→ Prompt
Retype the material that follows exactly, limited to the lines from the one with "Vans Ultrarange Pro" through the one with "Hoogteprofiel Trail 2", and keep out all pictures.
:: Given information ::
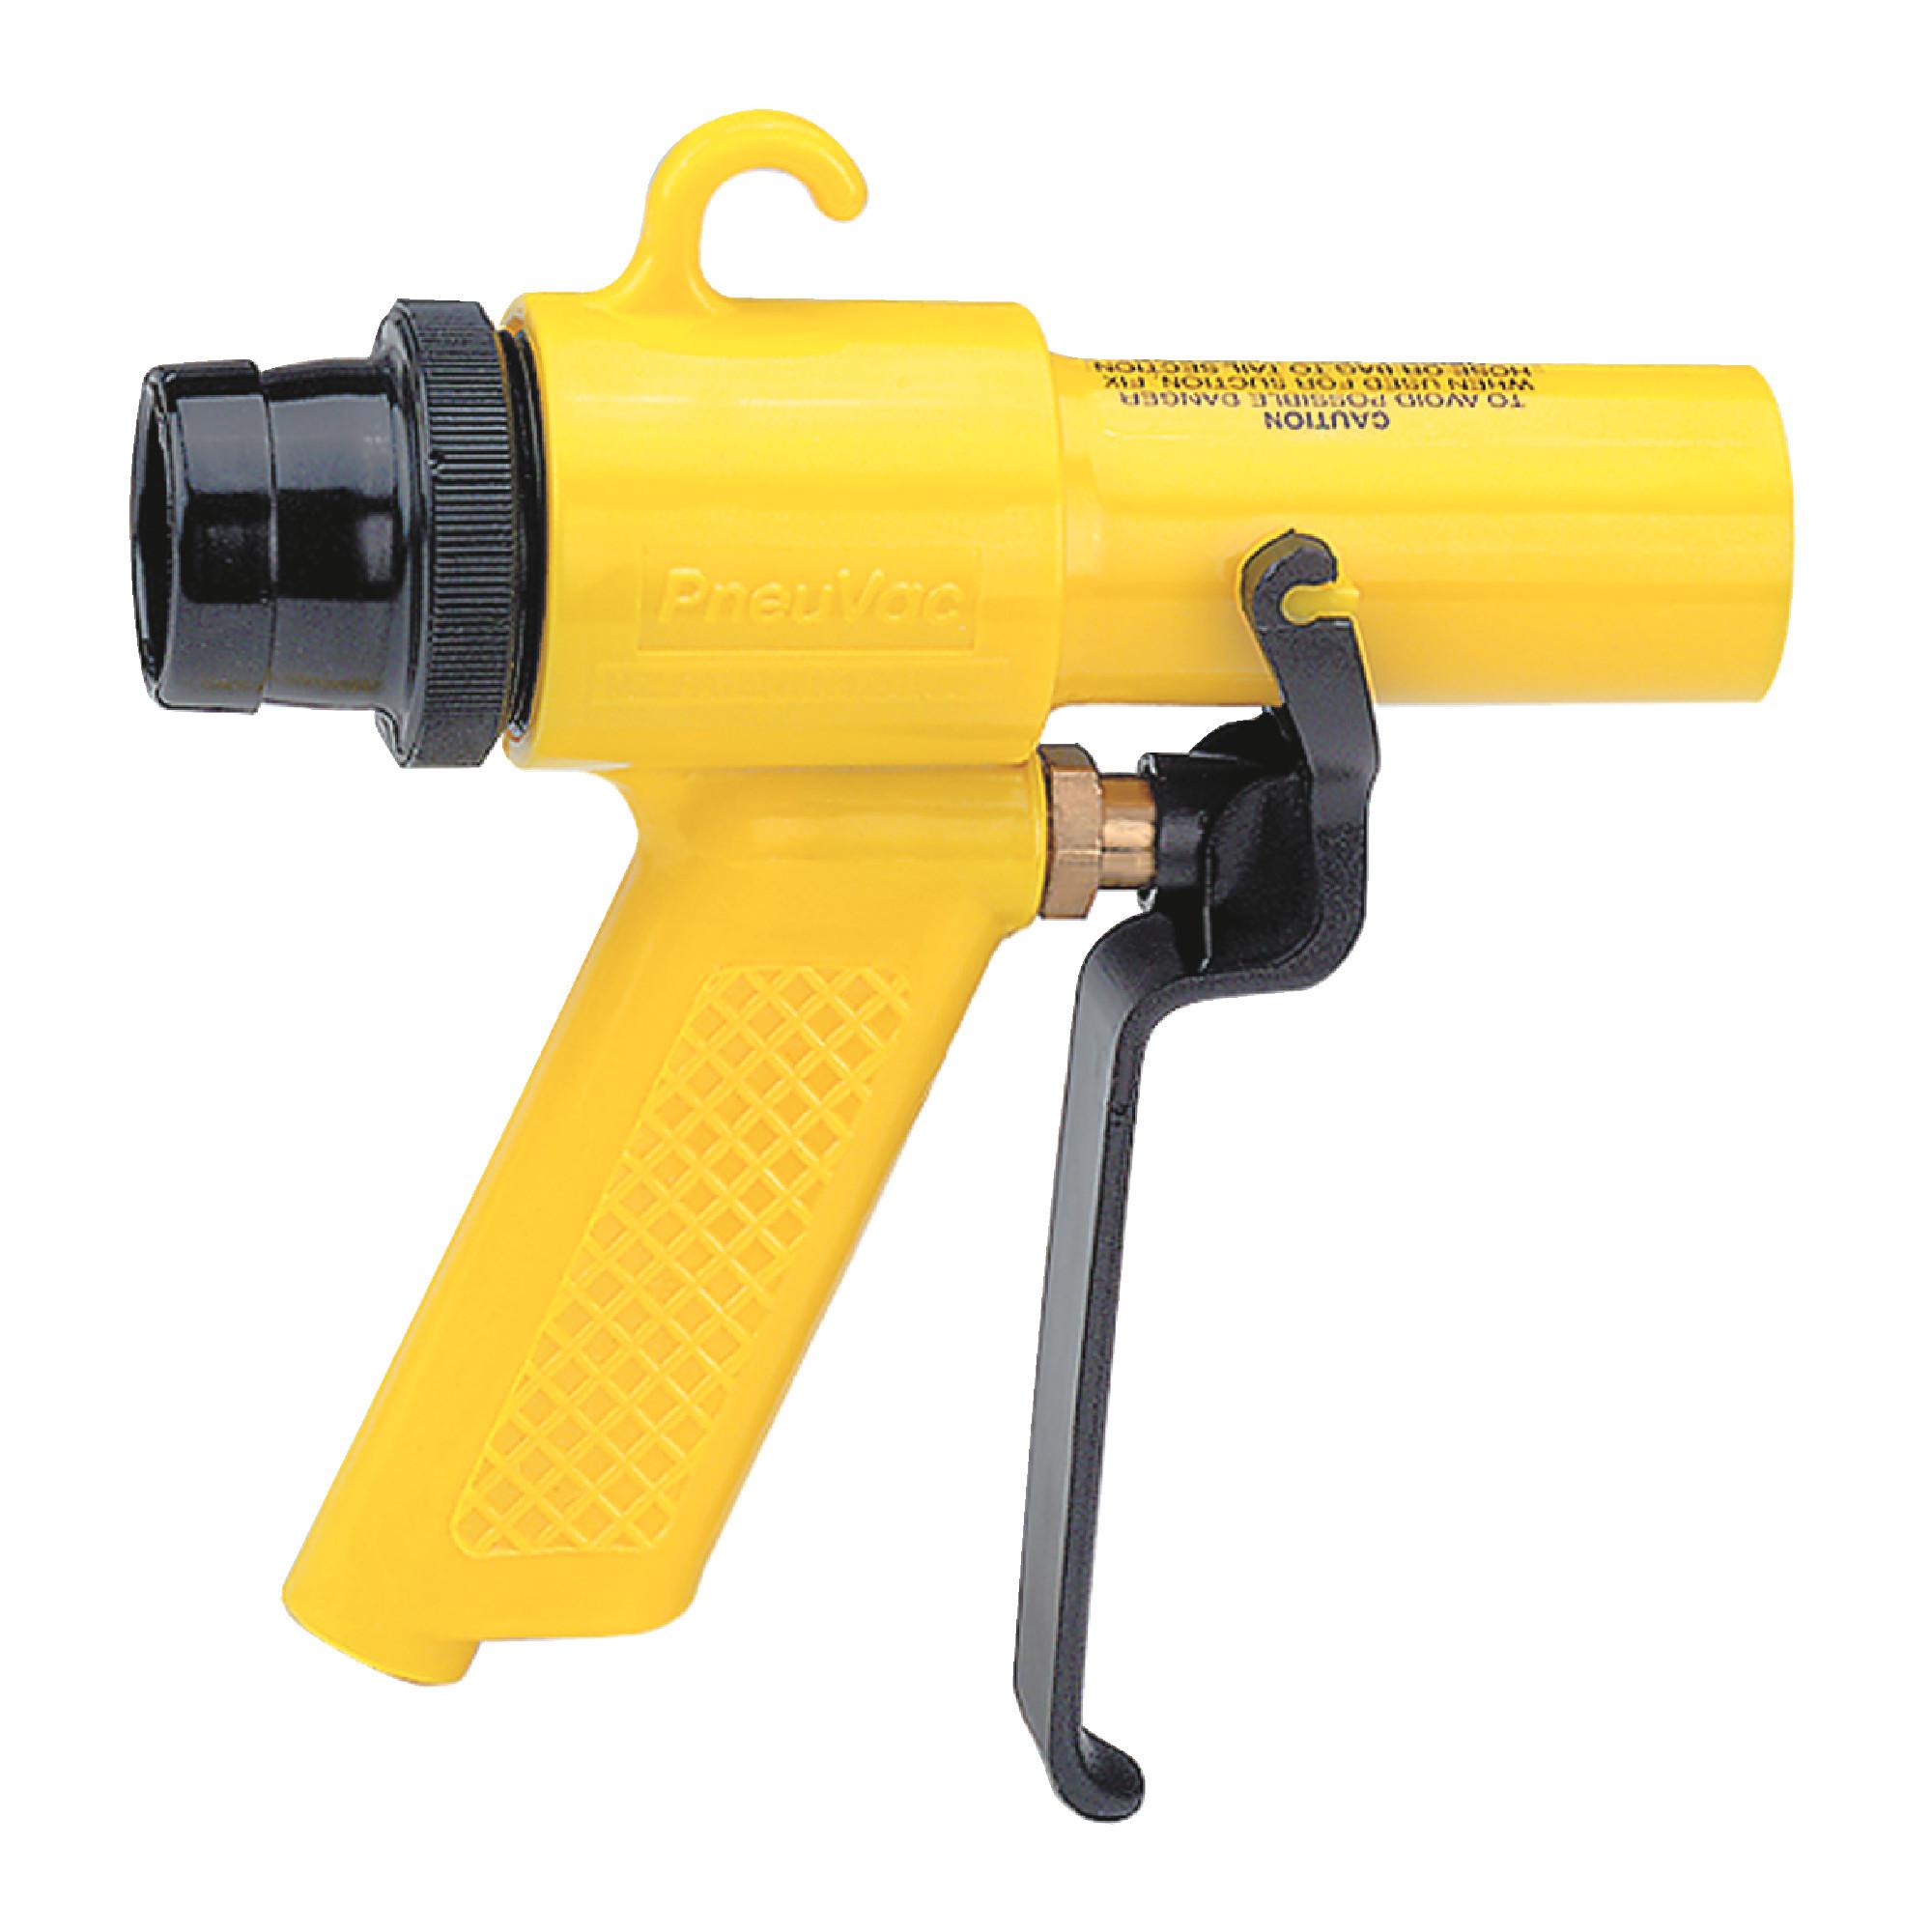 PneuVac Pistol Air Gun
:::
:: Given information ::
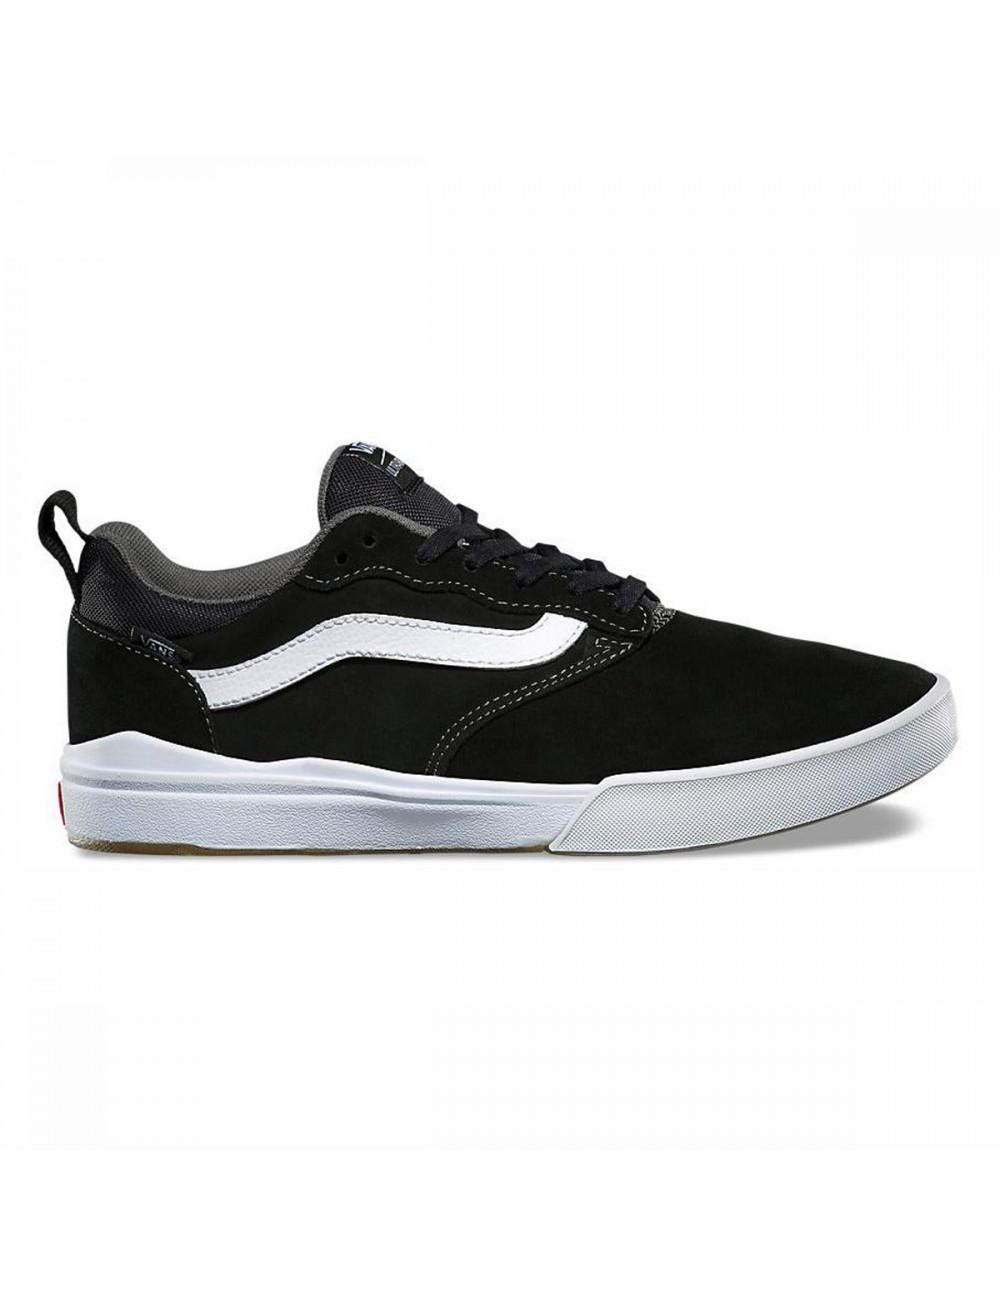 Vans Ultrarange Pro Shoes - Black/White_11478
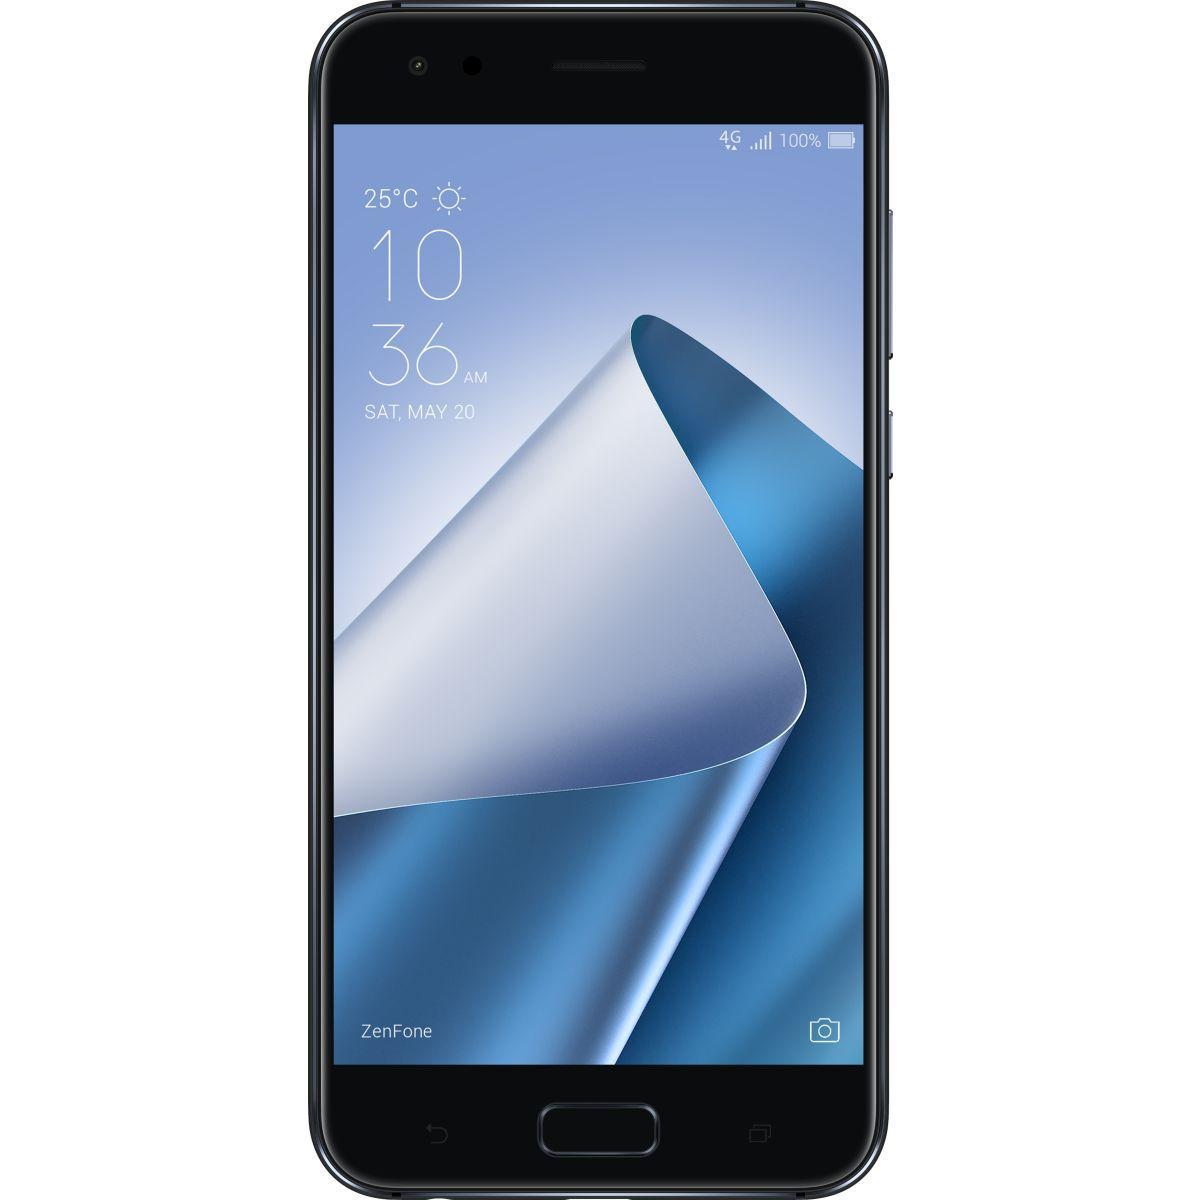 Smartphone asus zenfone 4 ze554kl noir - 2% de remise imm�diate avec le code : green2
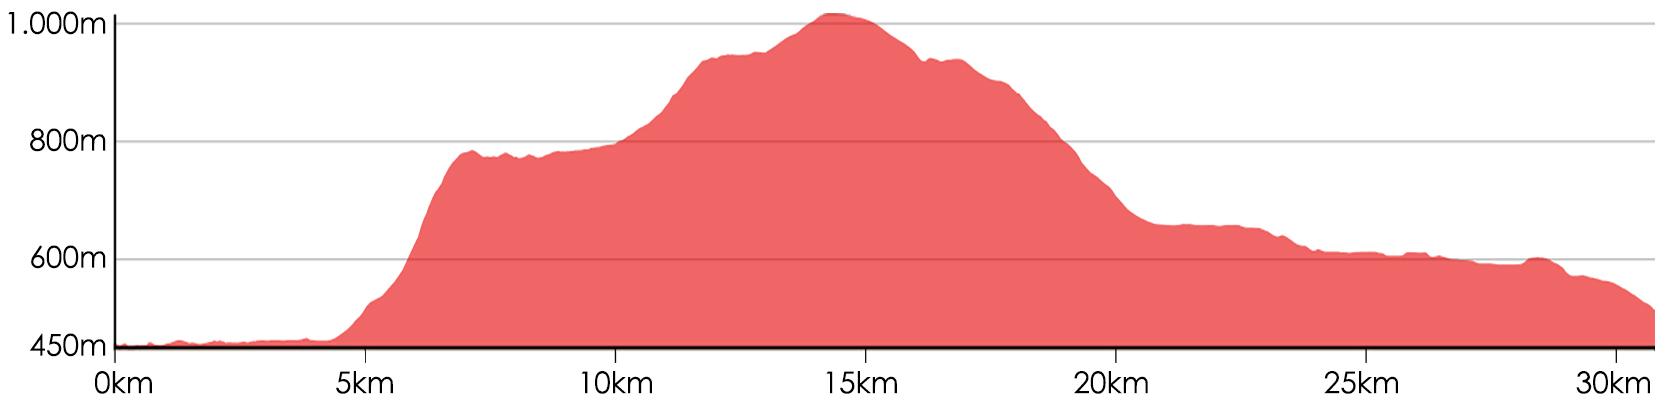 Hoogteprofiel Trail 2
:::
:: Given information ::
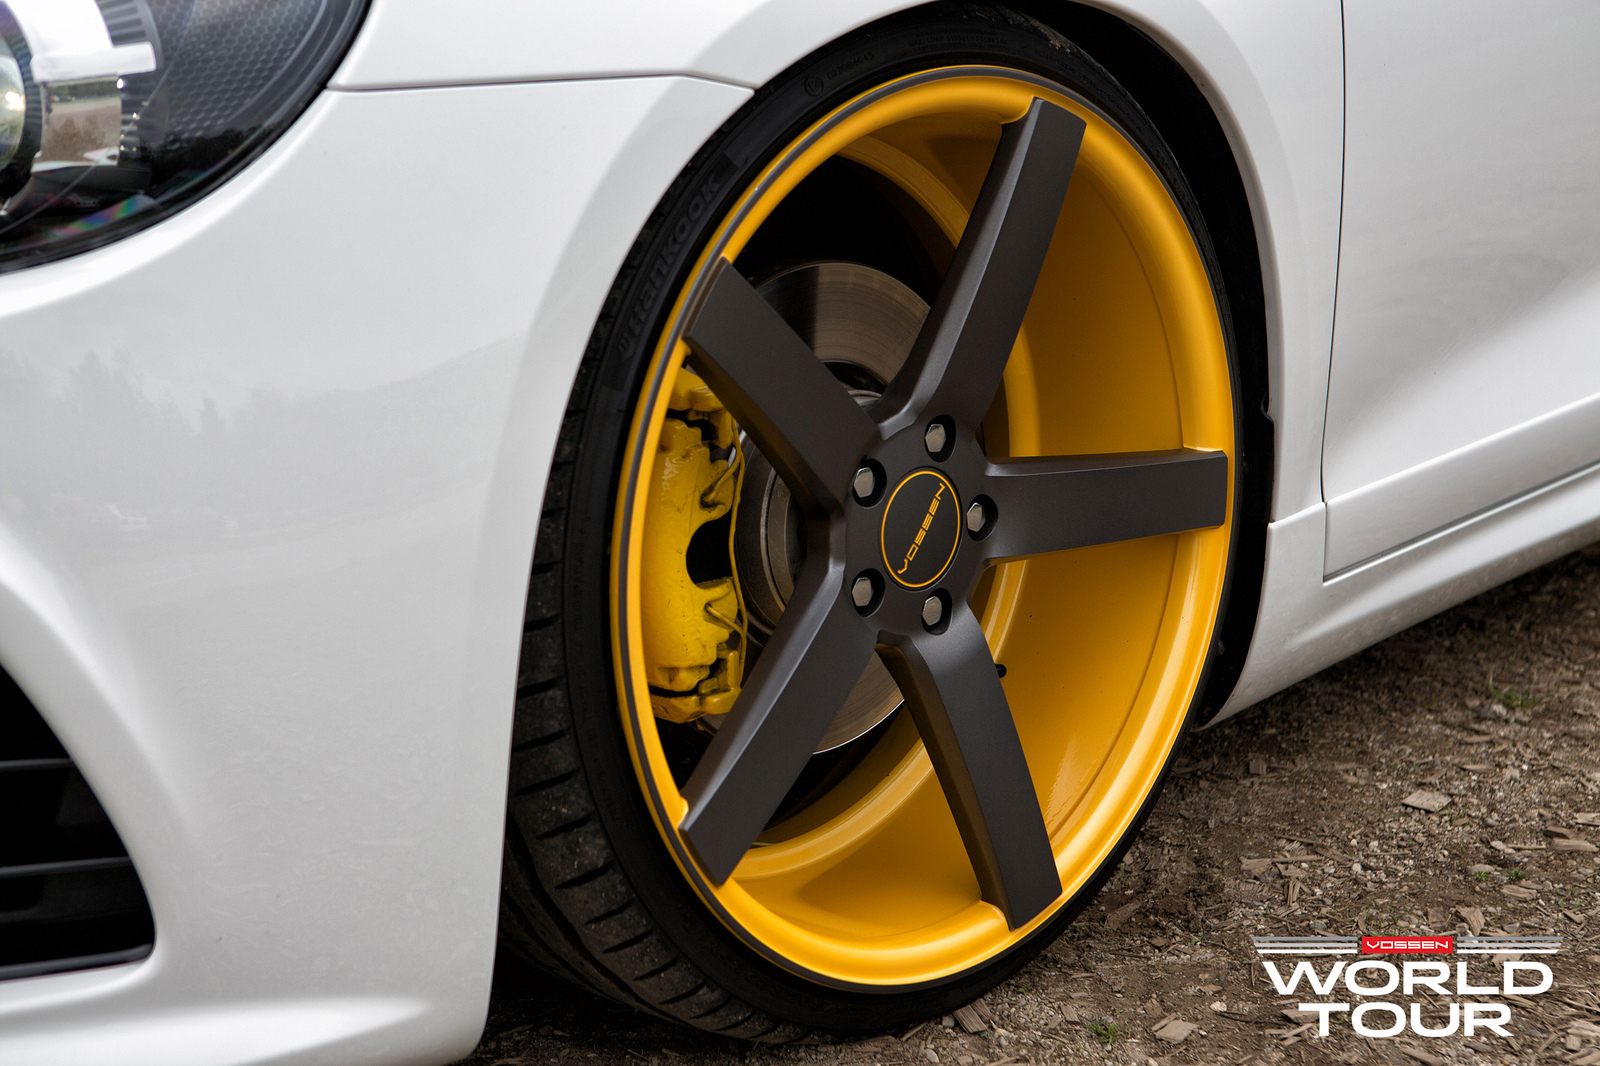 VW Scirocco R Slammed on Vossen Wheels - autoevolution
:::
→ Response for this exercise
 Vans Ultrarange Pro Shoes - Black/White_11478
 Smartphone asus zenfone 4 ze554kl noir - 2% de remise imm�diate avec le code : green2
 Hoogteprofiel Trail 2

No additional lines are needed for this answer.